## WORK INSTRUCTIONS
For the records below, output word for word the lines from the one with "Experimental Soviet submarines" up to and including the one with "Kyosho - Mad". No pictures.

## DATA TO PROCESS
^^^^^^^^
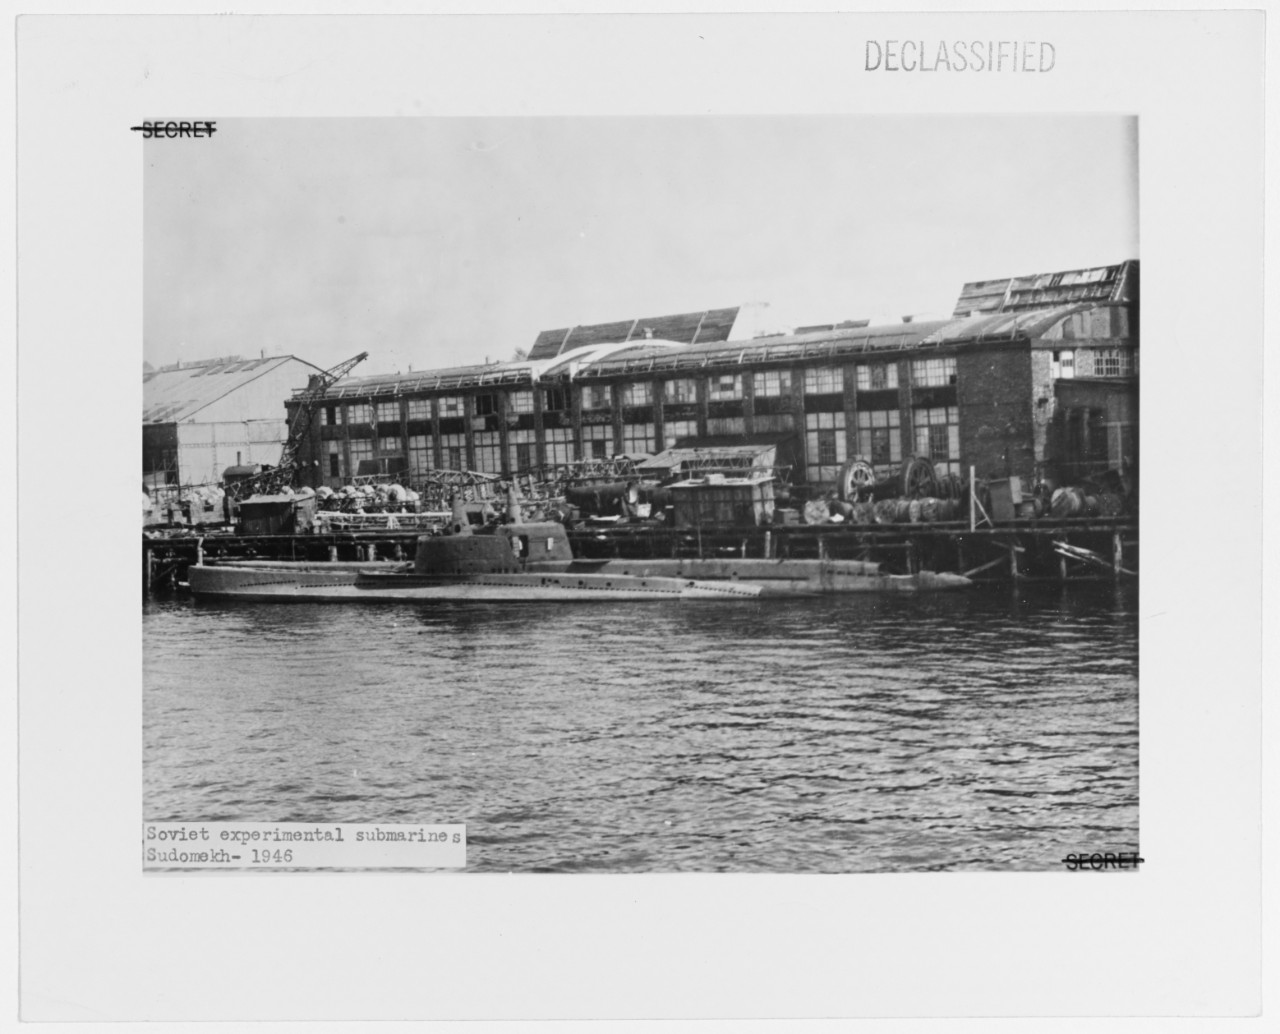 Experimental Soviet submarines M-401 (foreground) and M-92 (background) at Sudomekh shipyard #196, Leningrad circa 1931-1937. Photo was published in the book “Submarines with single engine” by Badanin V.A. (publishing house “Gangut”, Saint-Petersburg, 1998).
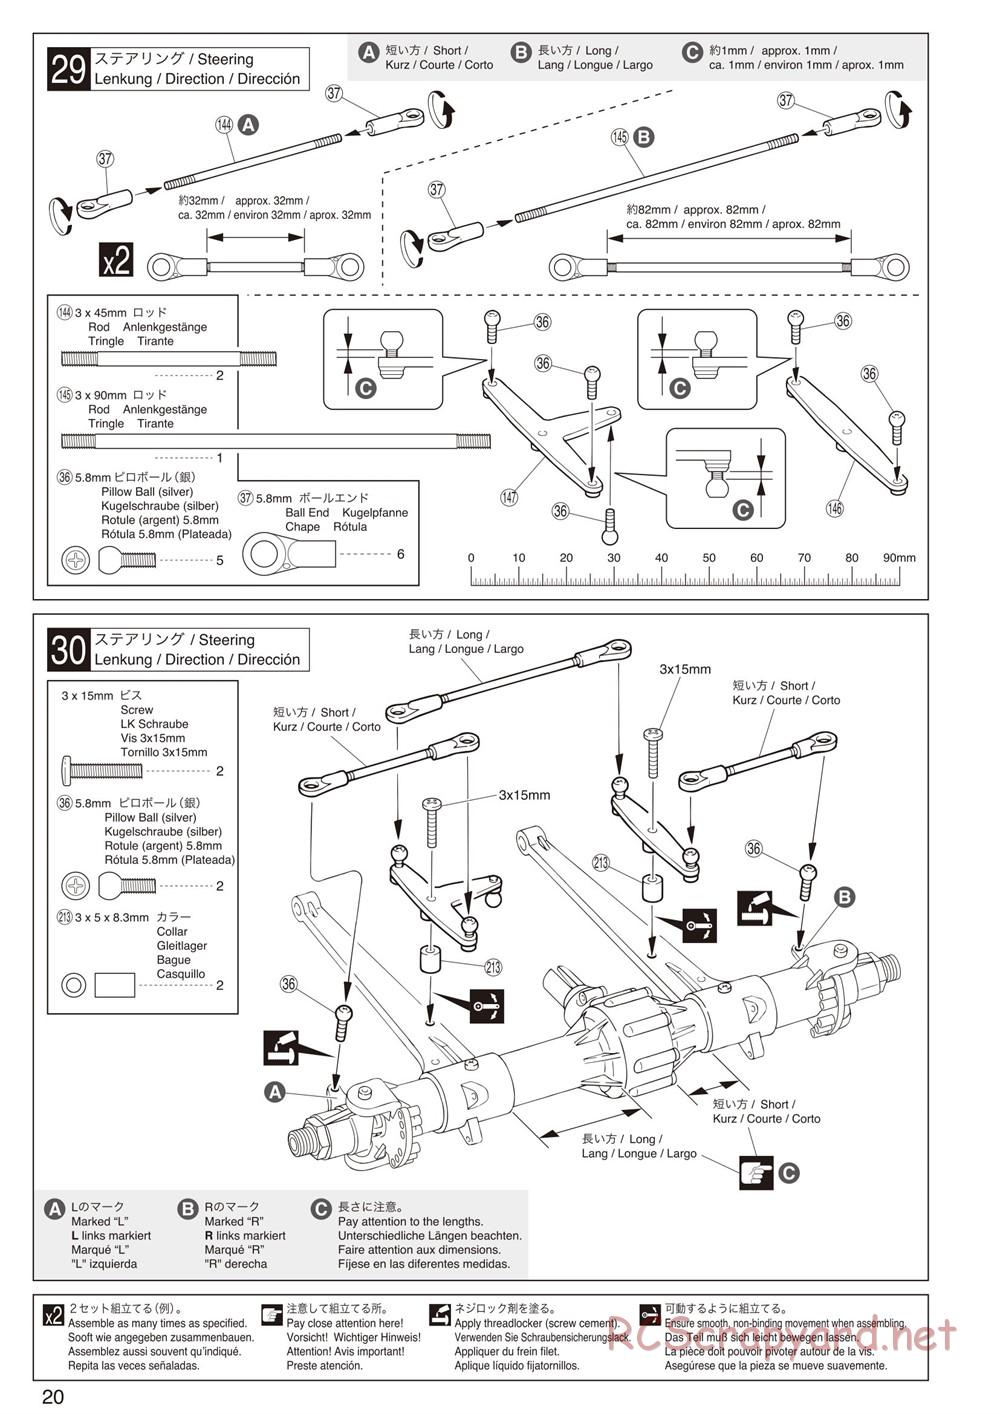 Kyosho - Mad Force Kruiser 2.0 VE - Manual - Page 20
^^^^^^^^
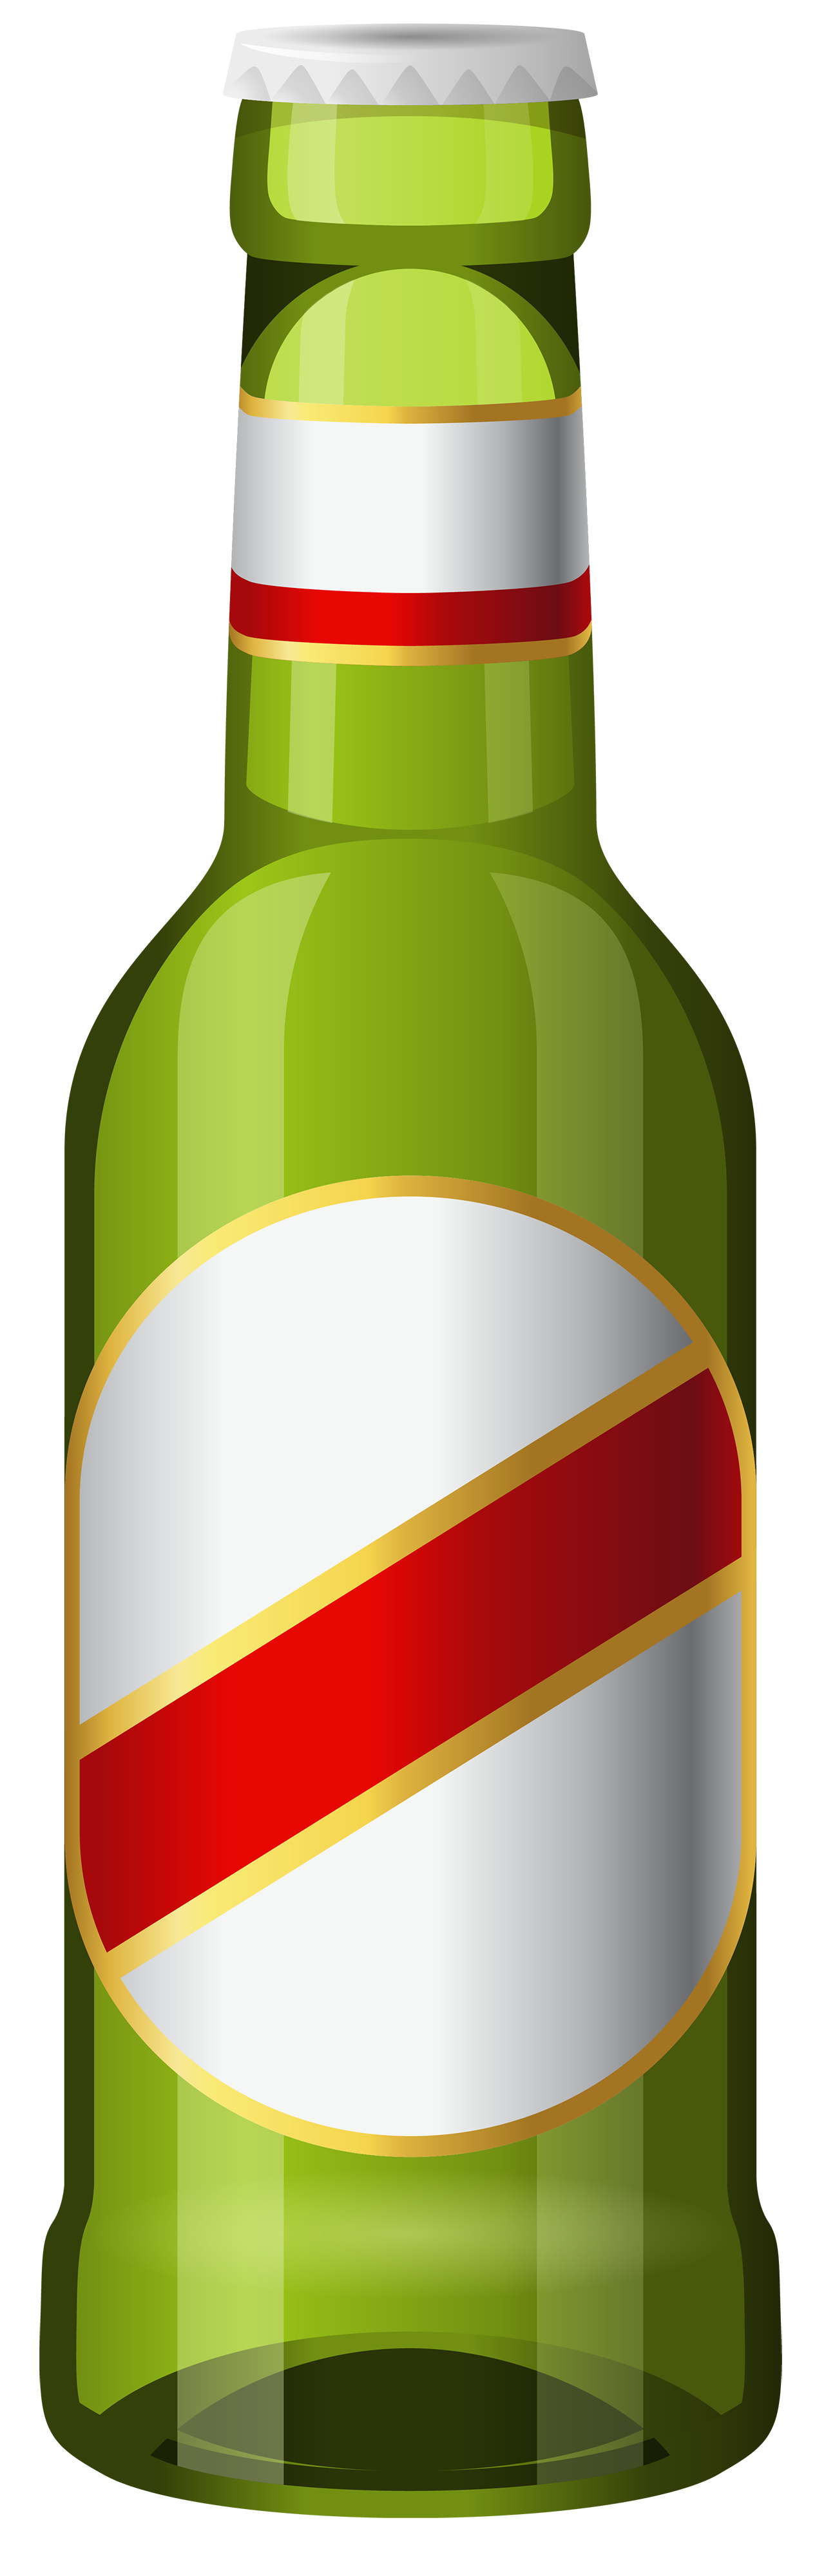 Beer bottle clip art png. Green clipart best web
^^^^^^^^
## WRITTEN RESPONSE
 Experimental Soviet submarines M-401 (foreground) and M-92 (background) at Sudomekh shipyard #196, Leningrad circa 1931-1937. Photo was published in the book “Submarines with single engine” by Badanin V.A. (publishing house “Gangut”, Saint-Petersburg, 1998).
 Kyosho - Mad Force Kruiser 2.0 VE - Manual - Page 20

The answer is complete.